MEGA's use of AES-128 (rather than AES-256) for key derivation has been criticized by cryptographers, though AES-128 remains computationally secure. Their web client has historically served JavaScript that performs encryption — the same web-client attack surface described above. The service has had security vulnerabilities disclosed by researchers in past years; their response to these disclosures has been mixed.
Comparison at a Glance
| Service | Open Source | Independent Audit | Jurisdiction | Key Derivation | Free Tier |
|---|---|---|---|---|---|
| Proton Drive | ✓ Clients | ✓ SEC Consult | Switzerland | bcrypt + OpenPGP | 1 GB |
| Tresorit | ✗ No | ~ EY (private) | Switzerland | AES-256 + RSA-4096 | None meaningful |
| Filen | ✓ All clients | ✗ Not yet | Germany (GDPR) | AES-256-GCM + Argon2 | 10 GB |
| MEGA | ~ Partial | ✗ No | New Zealand (Five Eyes) | AES-128 (custom) | 20 GB |
| Google Drive | ✗ No | N/A | USA | Provider holds keys | 15 GB |
What E2EE Cloud Storage Doesn't Protect
Even with genuine zero-knowledge encryption, several attack surfaces remain:
- Device compromise — if your laptop or phone is compromised, an attacker can read your files before they're encrypted or after they're decrypted. E2EE protects data in transit and at rest on the server; it doesn't protect a compromised endpoint.
- Filename and metadata — some services encrypt file contents but store filenames or directory structure in plaintext or in a separately accessible form. Check whether your service encrypts metadata, not just content.
- Shared link exposure — sharing a file creates a decryptable URL. If that URL is emailed, texted, or accessed via a browser that logs history, the sharing event creates exposure outside the encrypted storage system.
- Account recovery — services that offer password recovery must store enough information to recover access. If that information can be used to recover your encryption keys, zero-knowledge no longer fully holds. Understand your service's account recovery model before relying on it for sensitive content.
- Passphrase strength — all client-side key derivation systems are as strong as the passphrase used. A weak passphrase can be brute-forced offline if an attacker obtains the encrypted key material.
Zero-knowledge encryption shifts the trust question from the provider to your own device, passphrase, and key management hygiene. That's generally a better position — but it's not a free lunch.
Choosing Based on Threat Model
The right choice depends on what you're protecting against.

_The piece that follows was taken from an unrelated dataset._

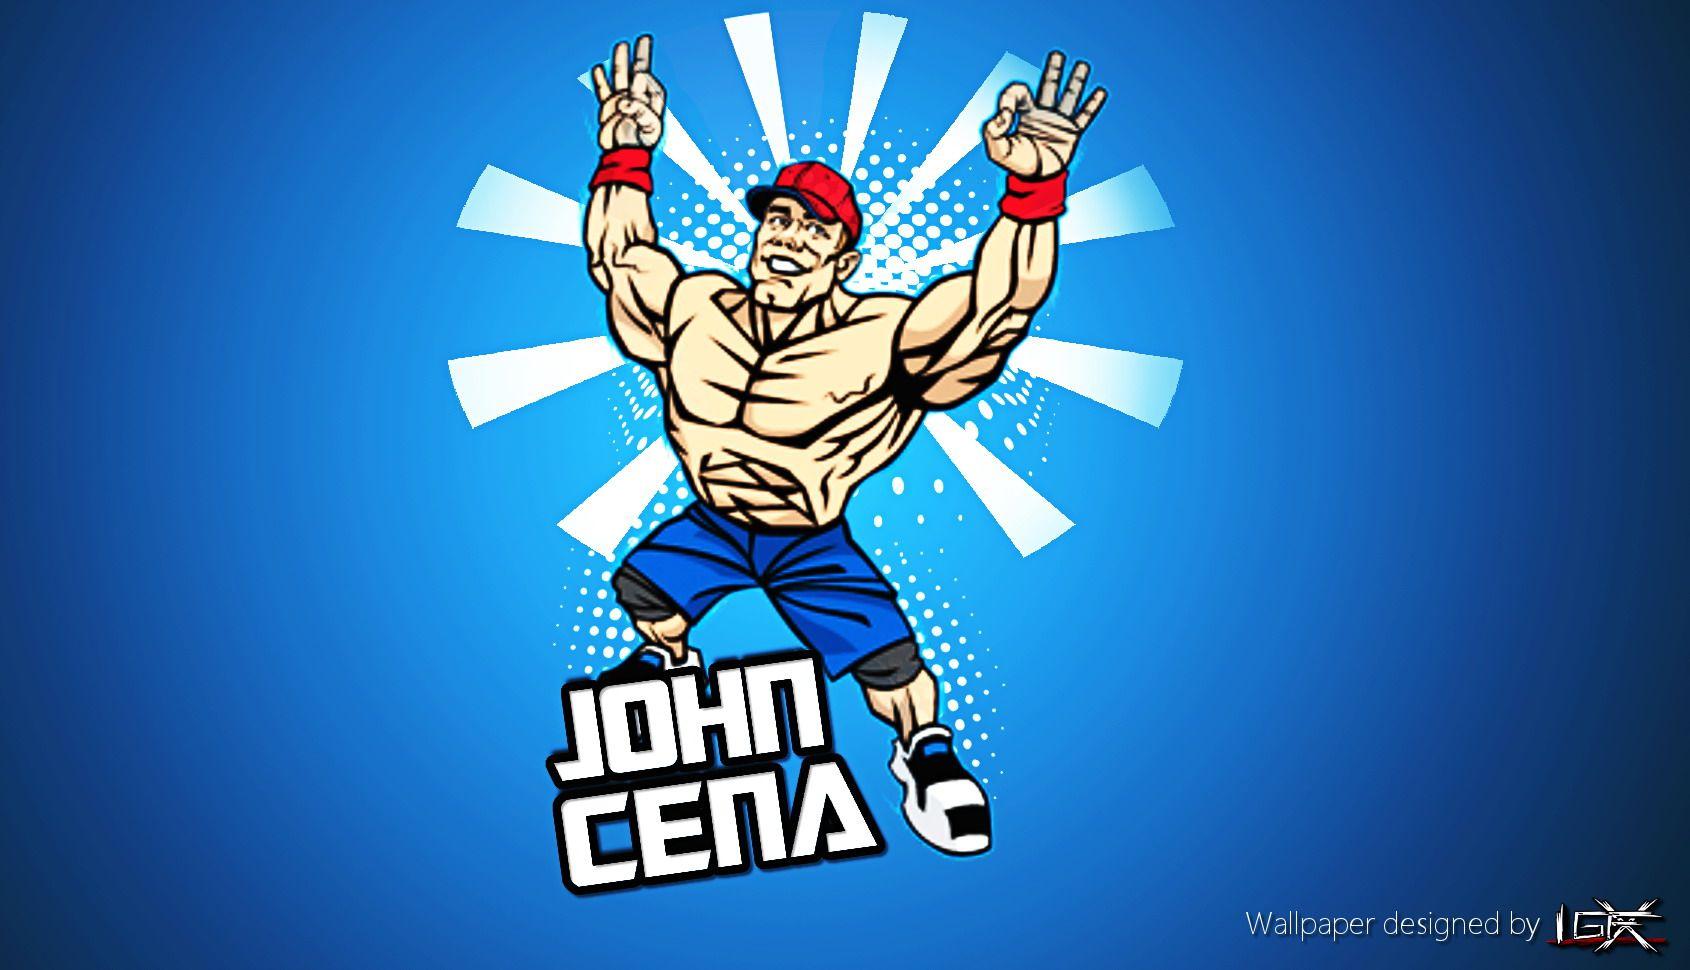 Download John Cena Animated Wallpaper Gallery

For most individuals who want protection from corporate data harvesting and third-party legal requests, Proton Drive offers the best combination of audited cryptography, open source clients, and a usable free tier. For regulated enterprises, Tresorit's compliance focus and enterprise tooling are worth the price premium. For technically capable users who want to evaluate the code themselves and don't need a third-party audit label, Filen is worth considering.
For highly sensitive files — legal documents, source material, financial records — supplement cloud storage with local encryption. Encrypting a file with a strong passphrase via GPG or a tool like VeraCrypt before uploading it to any cloud service gives you defense in depth that doesn't depend on the provider's implementation being correct.